*** Block opens ***

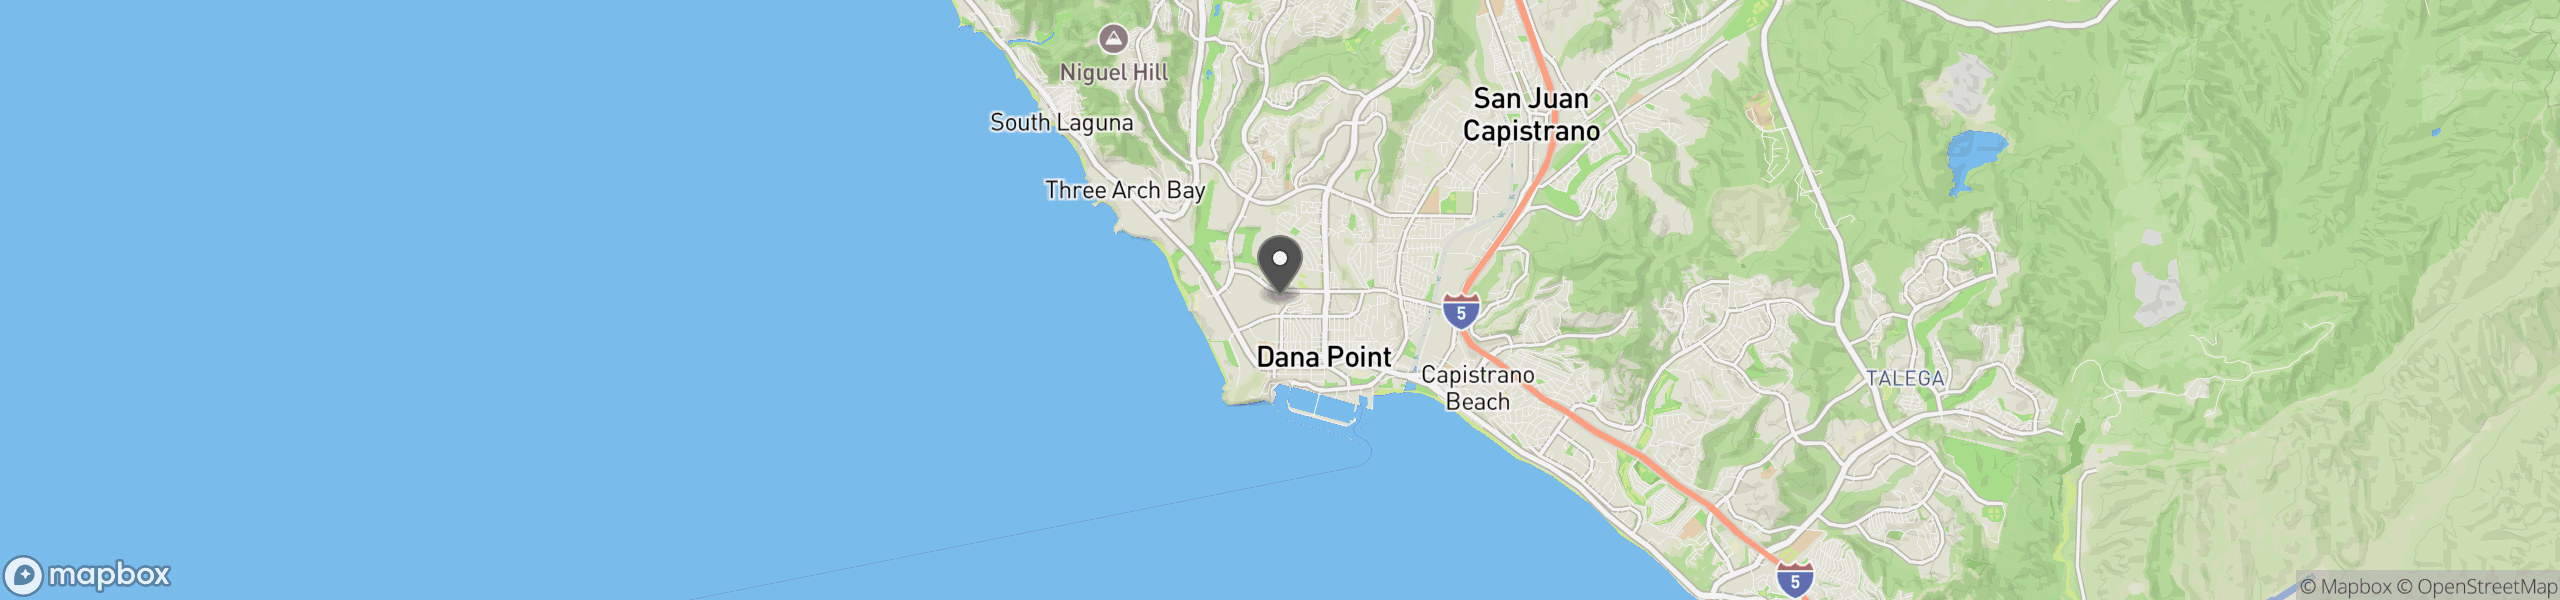 Dana Point, CA 92629
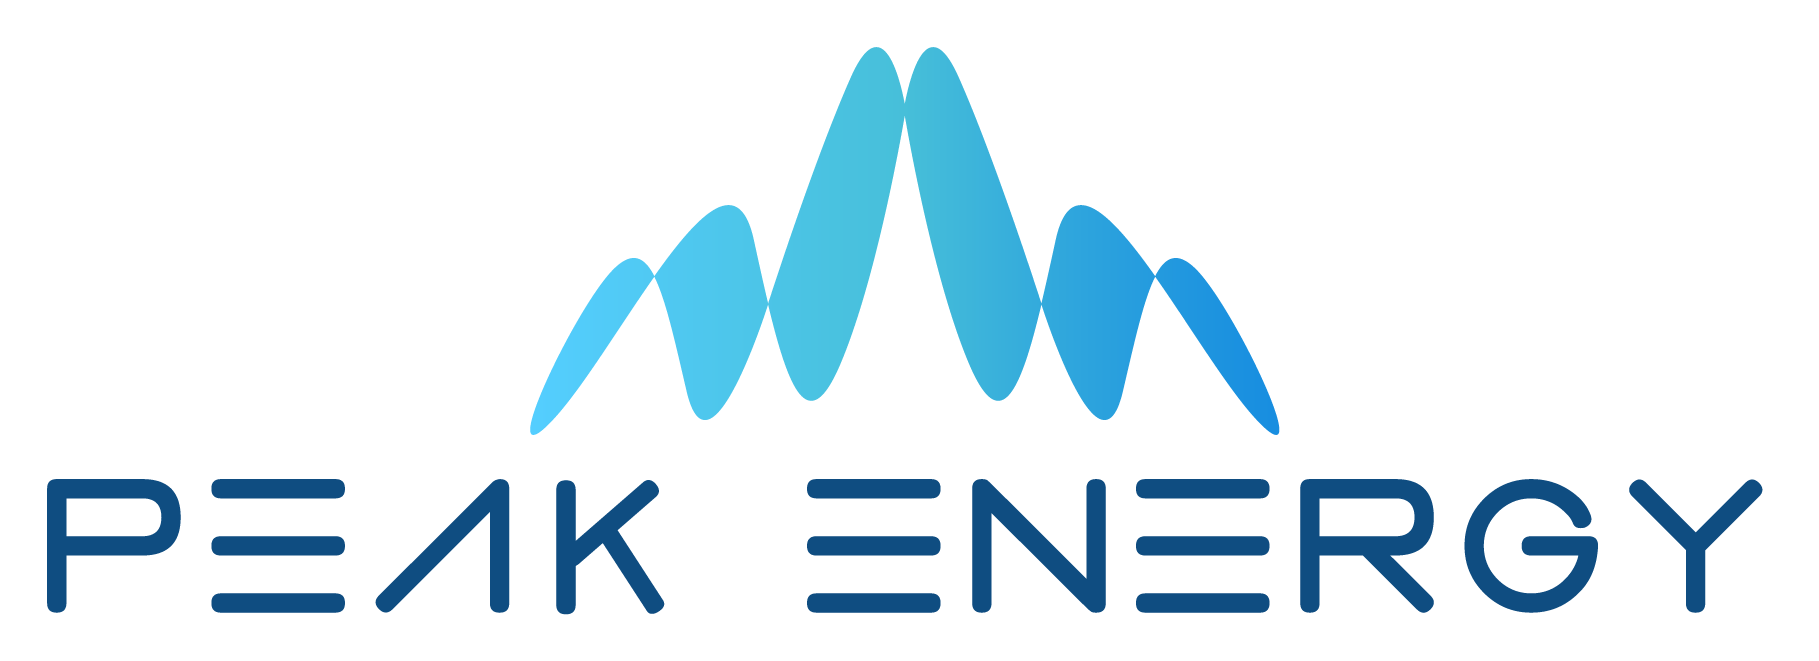 Peak Energy Development Pte. Limited logo
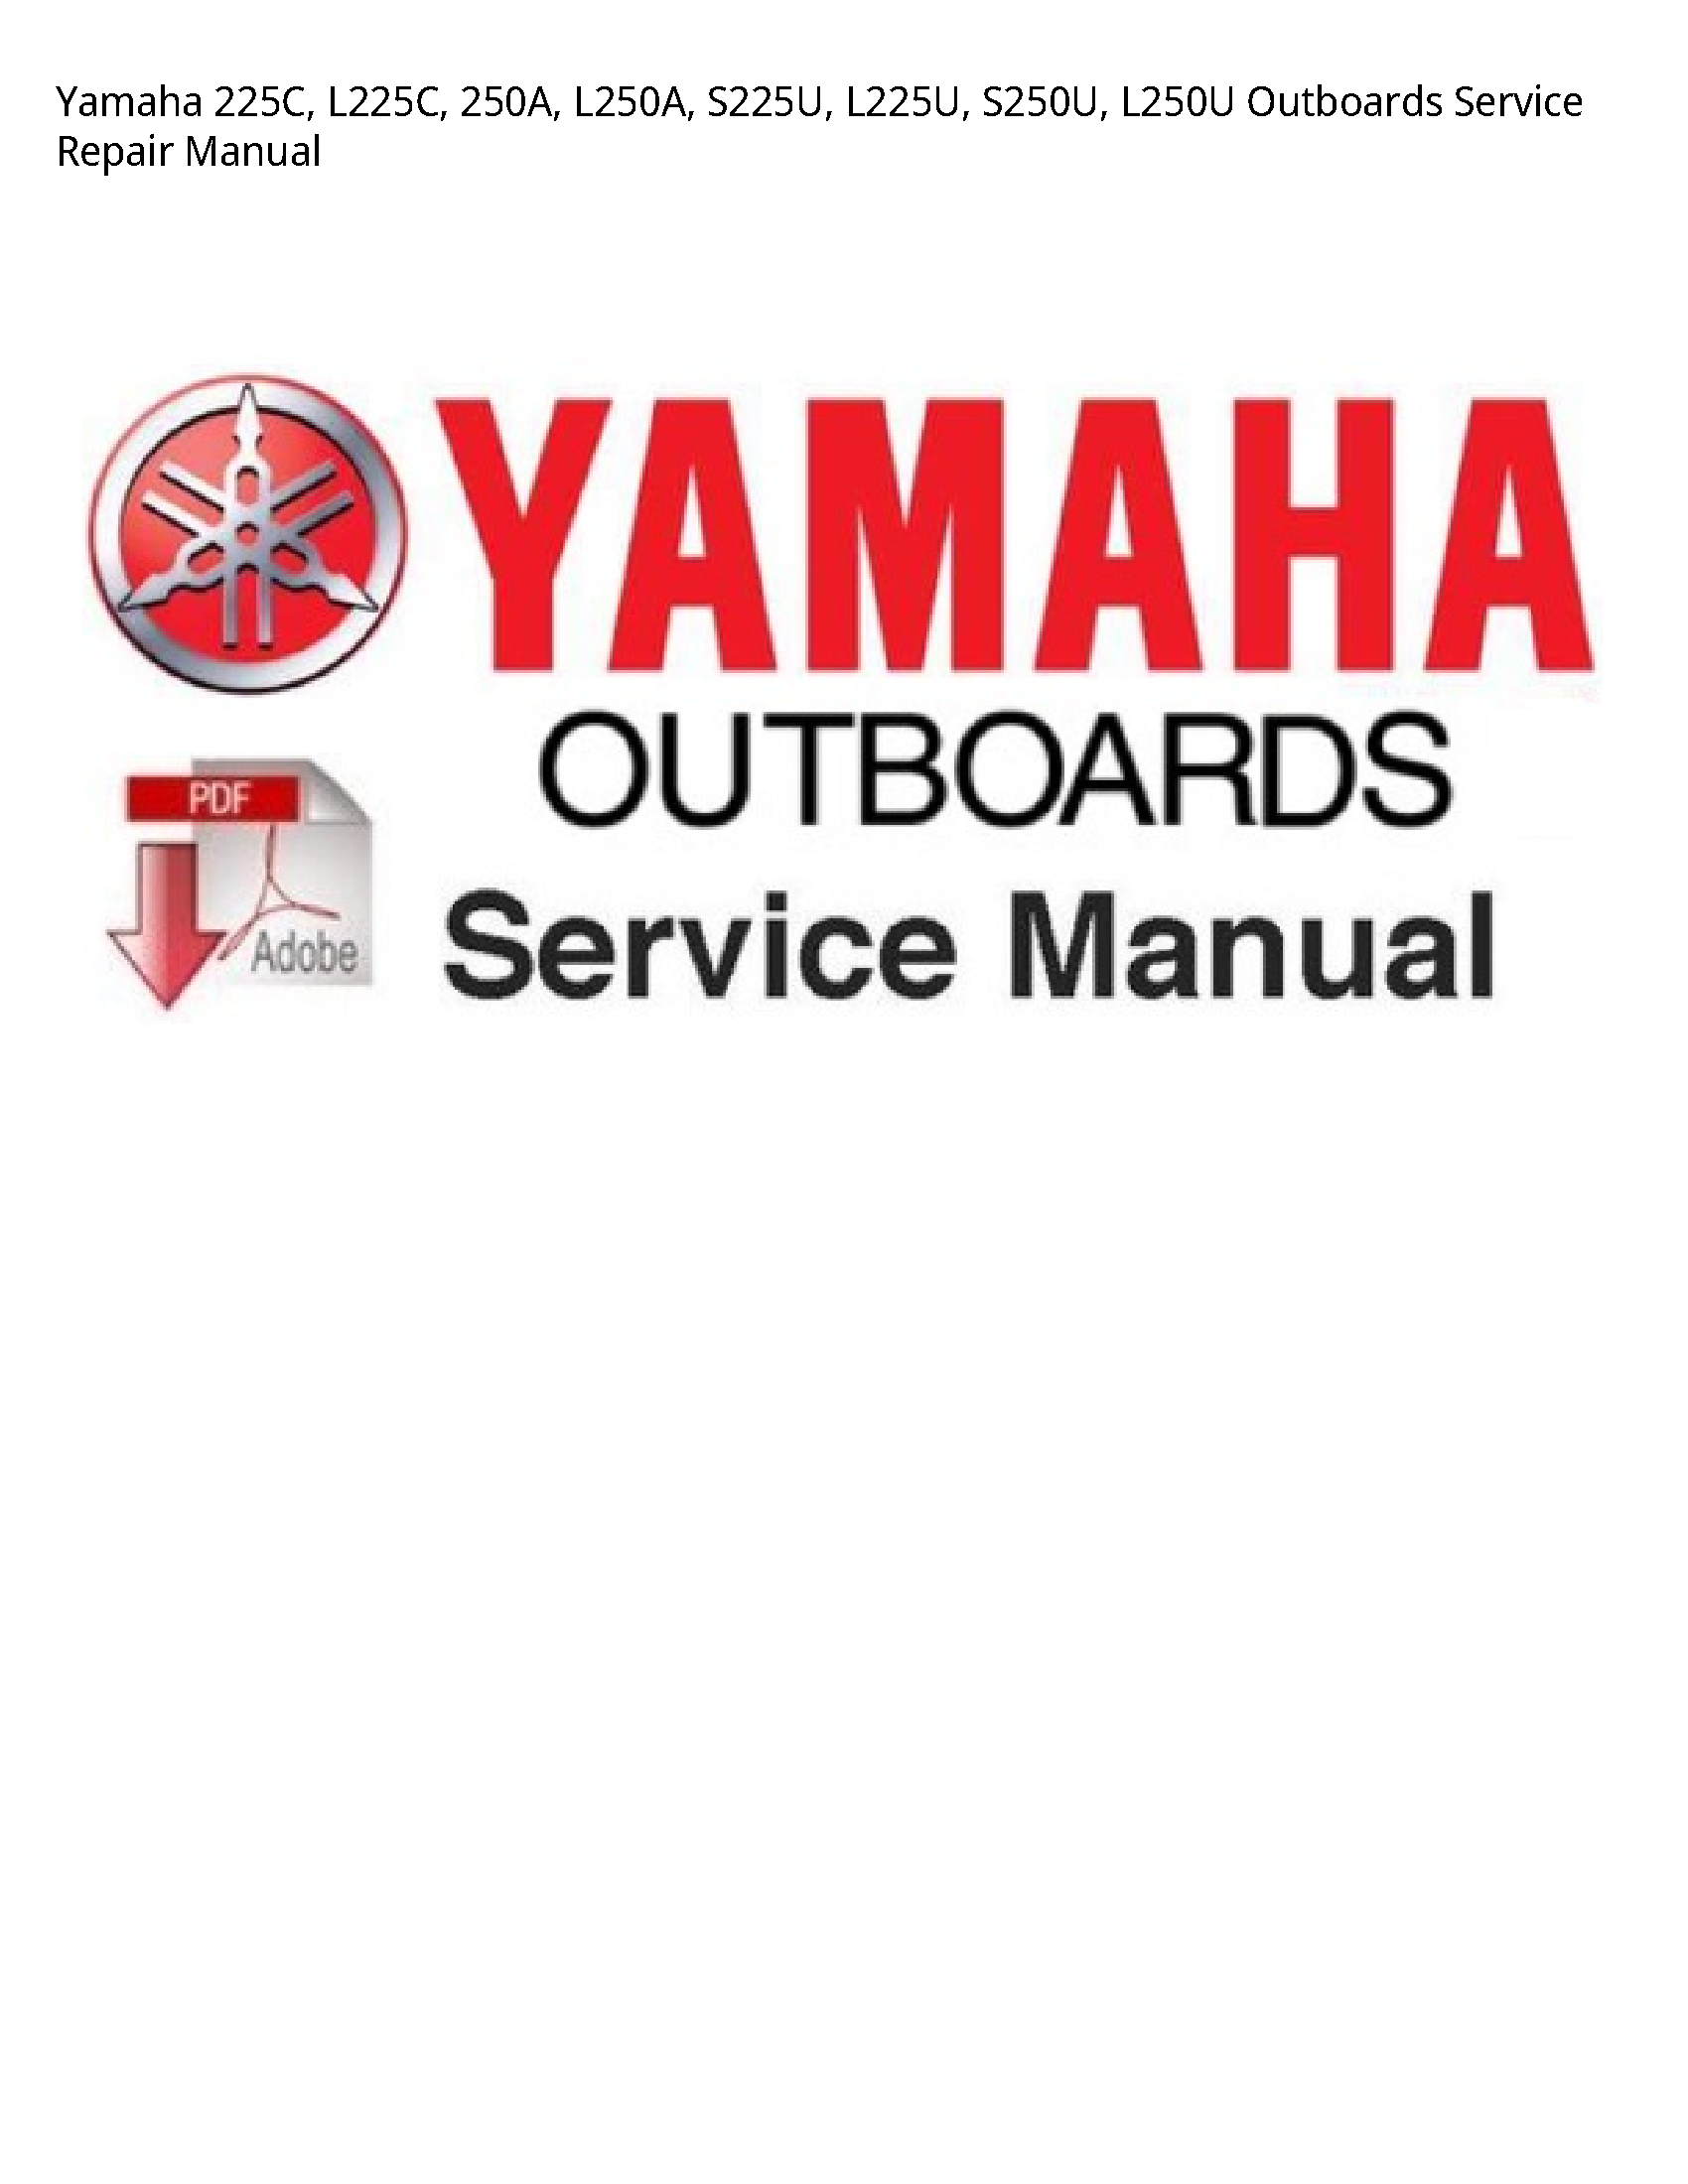 Yamaha 225C Outboards manual

*** Block closes ***

Before you return the listing, strip out its pictures; all else must match exactly.

Solution for this problem:
 Dana Point, CA 92629
 Peak Energy Development Pte. Limited logo
 Yamaha 225C Outboards manual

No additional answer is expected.